In this model the amyloid plaques form secondary to the toxicity of the metals and hence are a symptom of the problem, not directly pathogenic in and of themselves.
Trial evidence to date
Solanezumab has completed two phase 3 trials, Expedition 1 and 2. 2052 patients were recruited into these trials and there was no significant benefit seen from the administration of Solanezumab. In a sub-group analysis of patients with mild Alzheimer's dementia LLY showed a 34% slowing in cognitive decline. Expedition 3 is designed to test this theory that Solanezumab needs to be given early in the course of Alzheimer's dementia to have benefit.
A further criticism of Expedition 1 and 2 and its negative result was that patients were not screened as to the levels of amyloid plaques in their brain. Some of the patients recruited may not have had a significant plaque burden and hence Solanezumab would not have been of benefit.
I have discussed in more detail here about the results of the PBT2 but in summary it showed a dose dependent improvement in executive function in its phase 2a trial. Its phase 2b IMAGINE trial is a proof of mechanism of action trial that is due to report this month.
Figure 1. Phase 2a results for PBT2 showing a dose dependent improvement in executive function.
Size of addressable market
Solanezumab has already failed in its previous phase 3 trials and hence now has a smaller target population, namely patients with mild Alzheimer's dementia. The ageing population and the prevalence of Alzheimer's dementia means that this would still be a blockbuster indication as millions of people could potentially end up taking Solanezumab until their dementia progressed.
PBT2 has yet to reach phase 3 trials but like Solanezumab it also seems to have more benefit in patients with mild Alzheimer's dementia. This does not mean that PBT2 would not work in patients with more severe dementia and it also has shown some activity in patients with Huntington's disease. To read more about the results of PRAN's phase 2 trial of PBT2 in Huntington's disease please follow this link.

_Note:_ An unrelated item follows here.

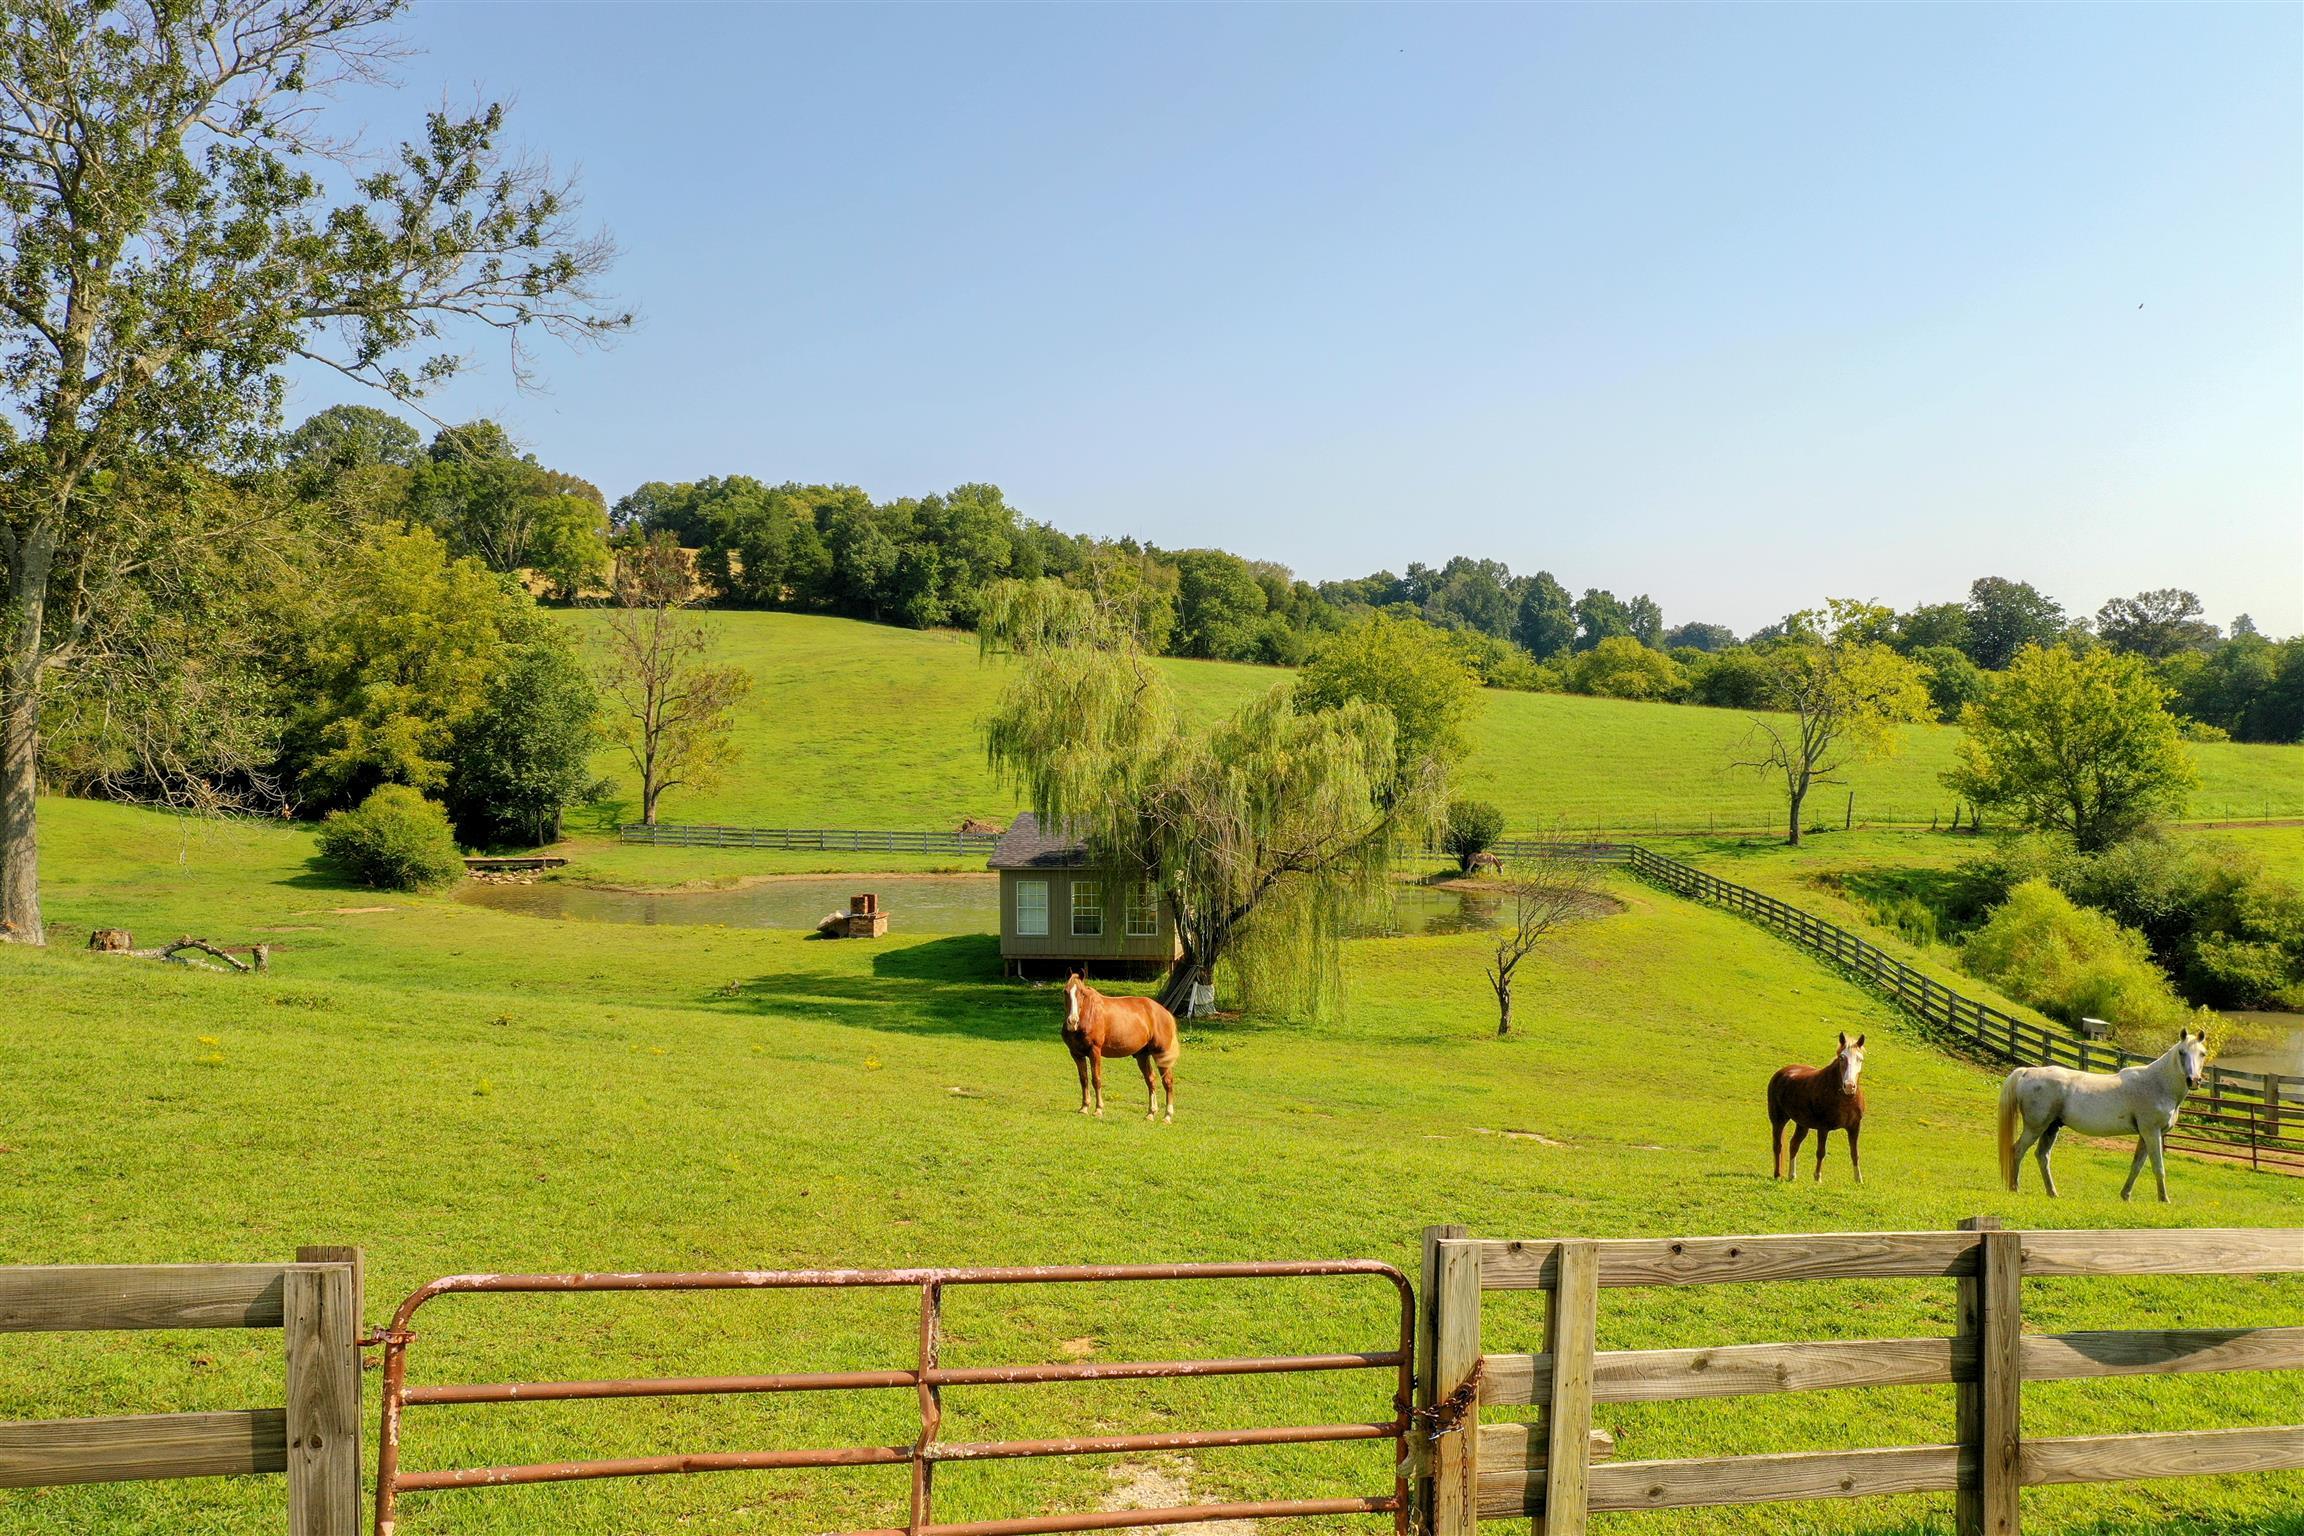 719 Waco Rd, Lynnville, TN 38472 - Lynnville, TN real estate listing

Neurodegeneration is the holy grail for pharmaceutical companies but the success rate has been very low. This has led to the FDA giving guidance that they have lowered the bar in terms of the efficacy they would expect before they would approve a drug for Alzheimer's disease.
We will have to wait until the results of Expedition 3 to see if Solanezumab works in patients with mild Alzheimer's dementia. LLY was willing to fund this trial because it knows that the rewards will be rich if it were to be successful.

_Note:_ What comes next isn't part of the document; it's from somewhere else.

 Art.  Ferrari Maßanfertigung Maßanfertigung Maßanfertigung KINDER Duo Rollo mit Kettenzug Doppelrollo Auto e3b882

For PRAN success for PBT2 would be phenomenal for its share price. It would also see the metals hypothesis added to the list of quirky ideas like Helicobacter Pylori causing ulcers and the Human Papilloma Virus causing cervical cancer backed by Aussies that turned out to be true.

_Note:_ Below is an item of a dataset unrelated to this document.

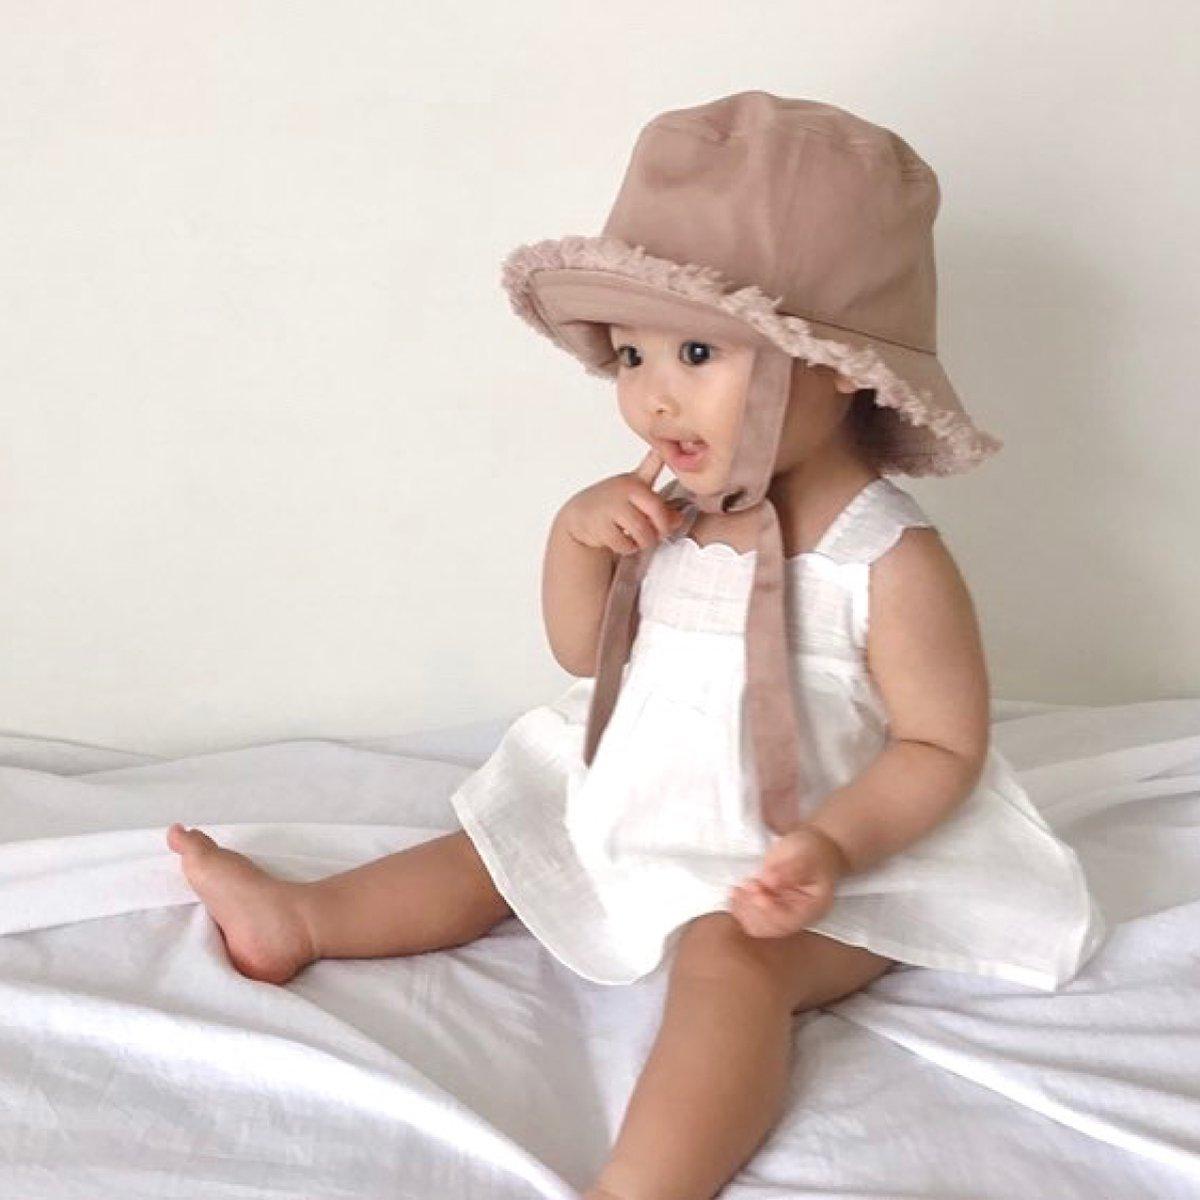 【BABY】Baby Fringe Hat 詳細画像29

That day is still far away for PBT2 but with the impending release of PRAN's IMAGINE trial results the goal is now in sight. PBT2 has likely has shown enough efficacy to date to warrant the funding of a phase 3 trial but we will have to wait until the IMAGINE trial results are in.
Disclosure: I am long PRAN. I wrote this article myself, and it expresses my own opinions. I am not receiving compensation for it (other than from Seeking Alpha). I have no business relationship with any company whose stock is mentioned in this article.